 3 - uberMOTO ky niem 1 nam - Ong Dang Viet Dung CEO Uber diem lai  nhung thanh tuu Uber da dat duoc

========================================================================

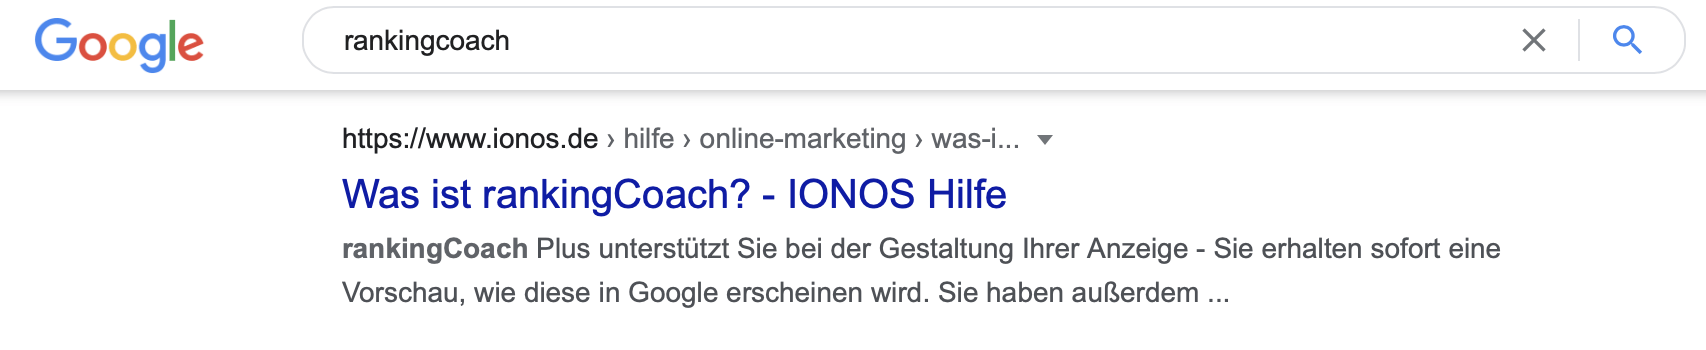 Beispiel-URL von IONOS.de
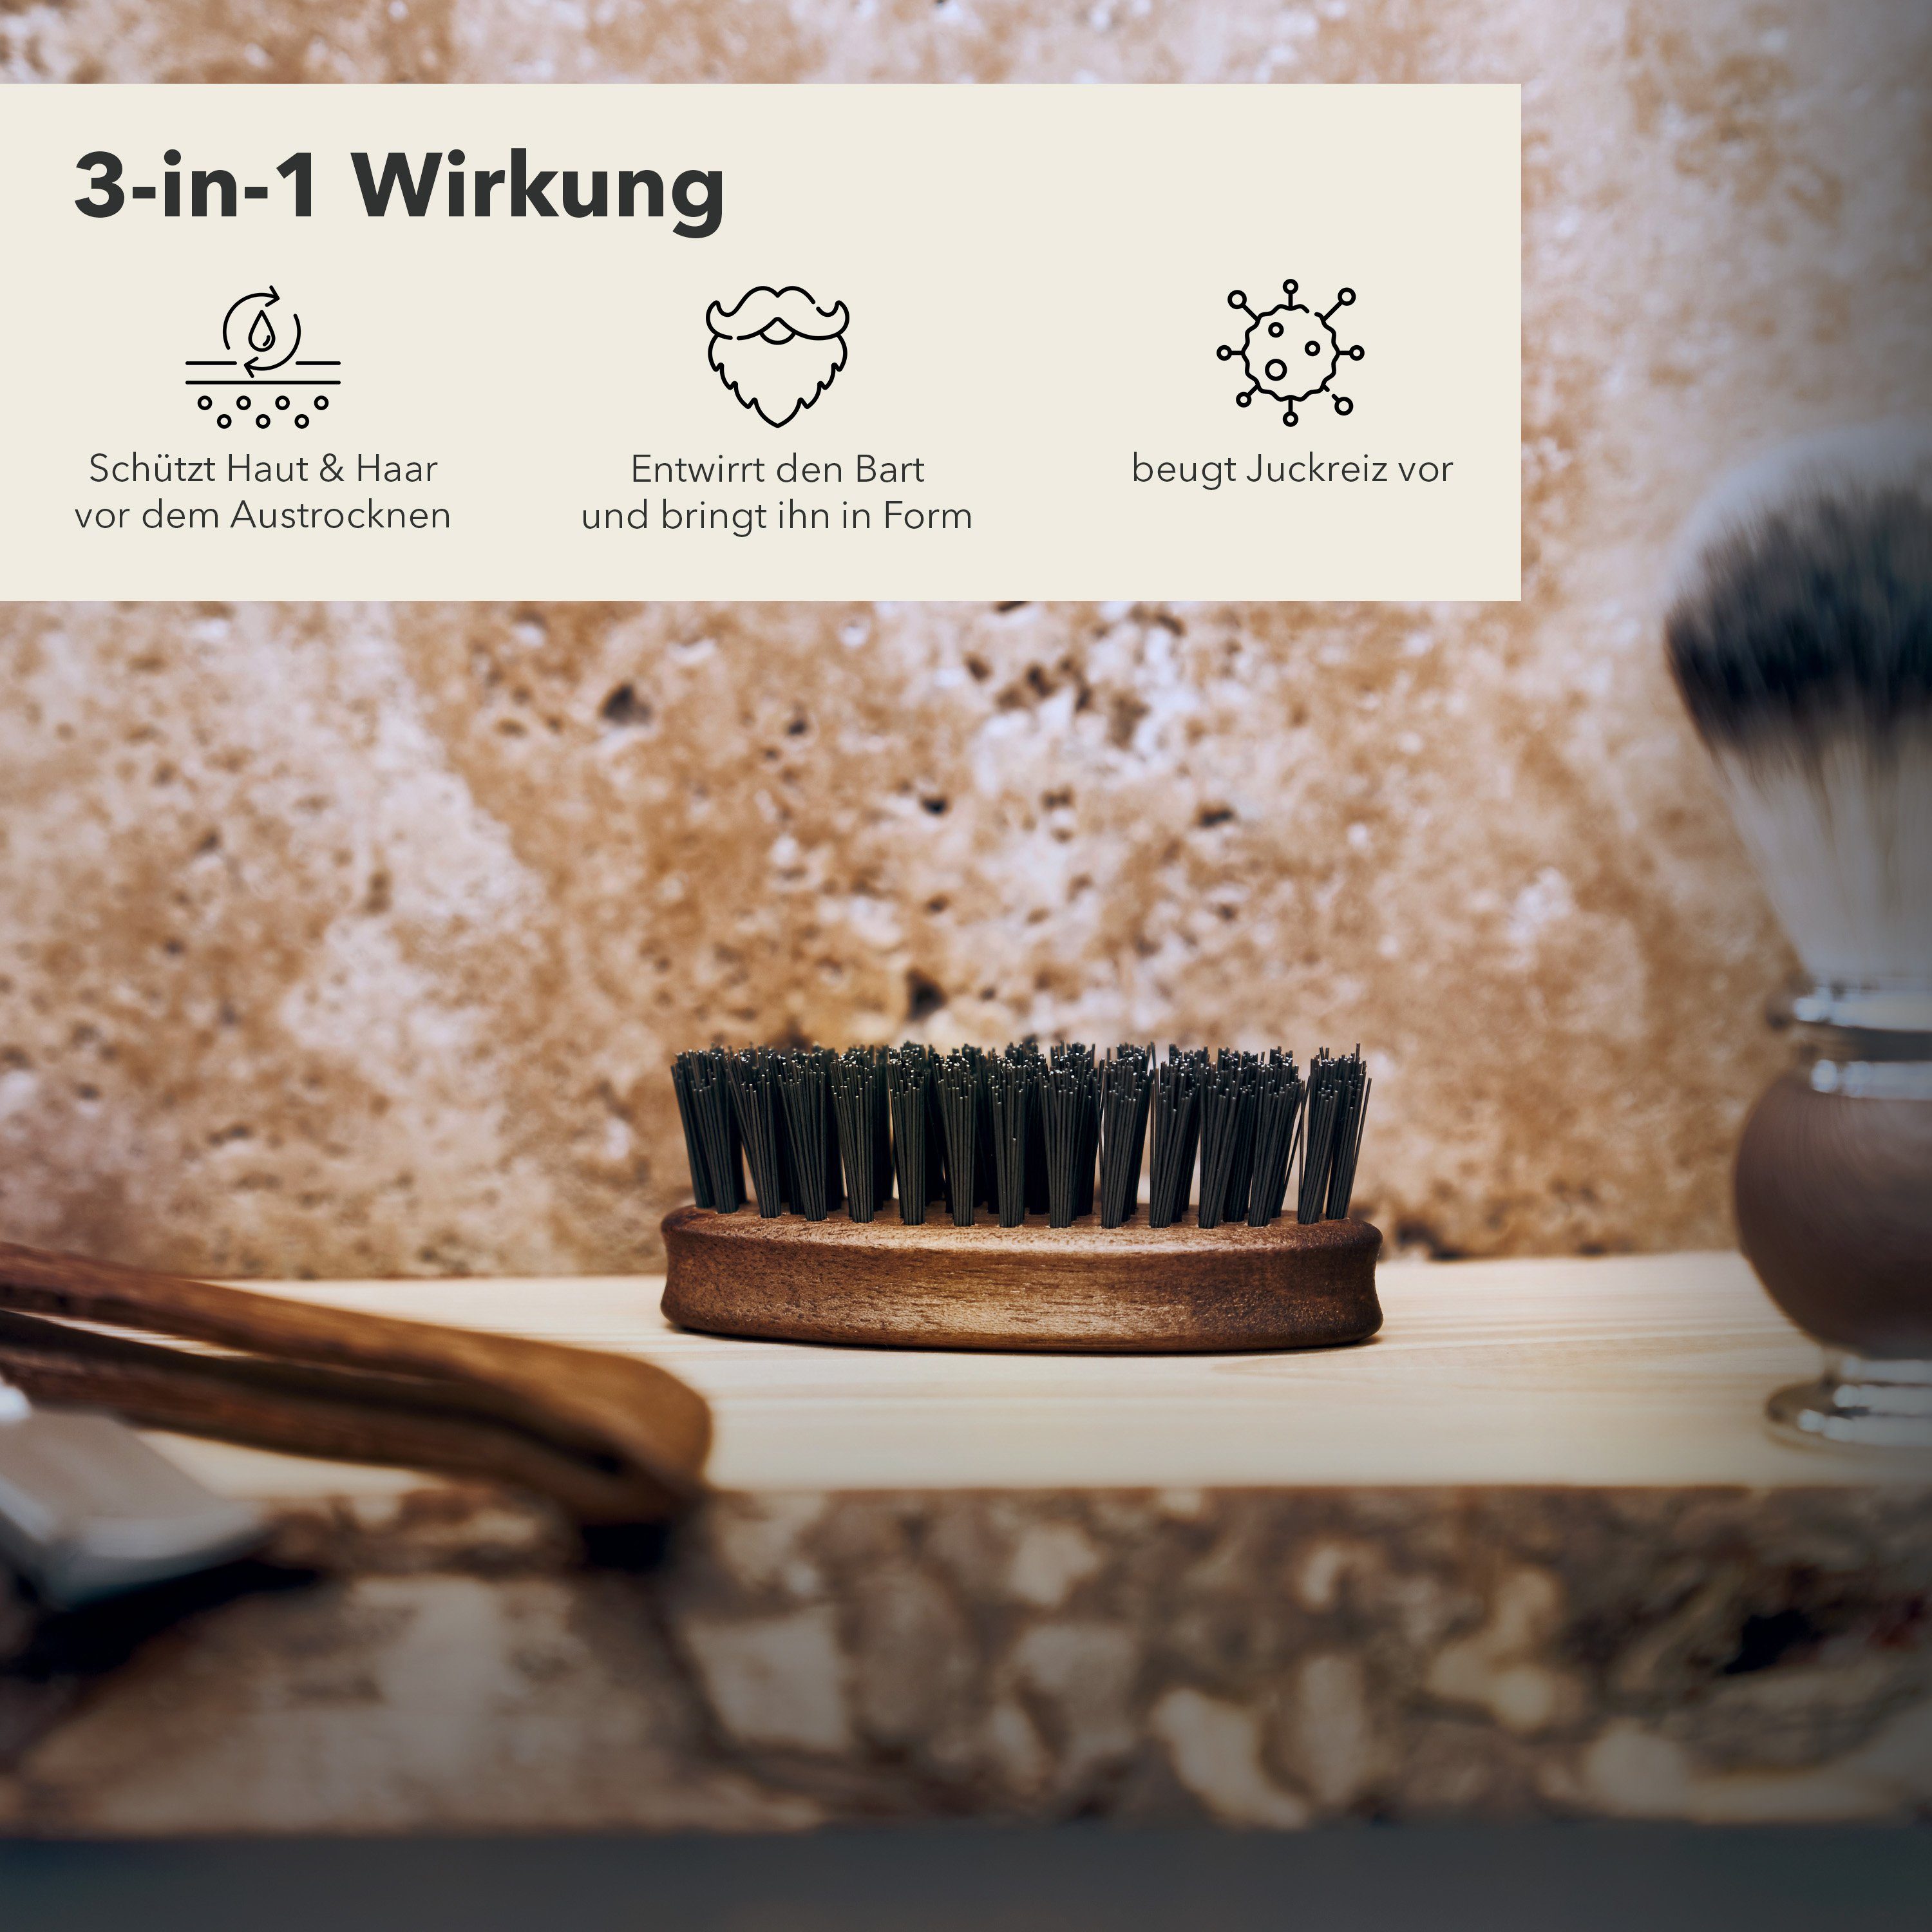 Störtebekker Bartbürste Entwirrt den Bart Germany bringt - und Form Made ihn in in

========================================================================

### TASK STATEMENT
Pictures do not belong in the answer. Return the lines above starting at the one with "Beispiel-URL von IONOS.de" and ending at the one with "Störtebekker Bartbürste Entwirrt", both kept, exactly.

### RESULT BELOW
 Beispiel-URL von IONOS.de
 Störtebekker Bartbürste Entwirrt den Bart Germany bringt - und Form Made ihn in in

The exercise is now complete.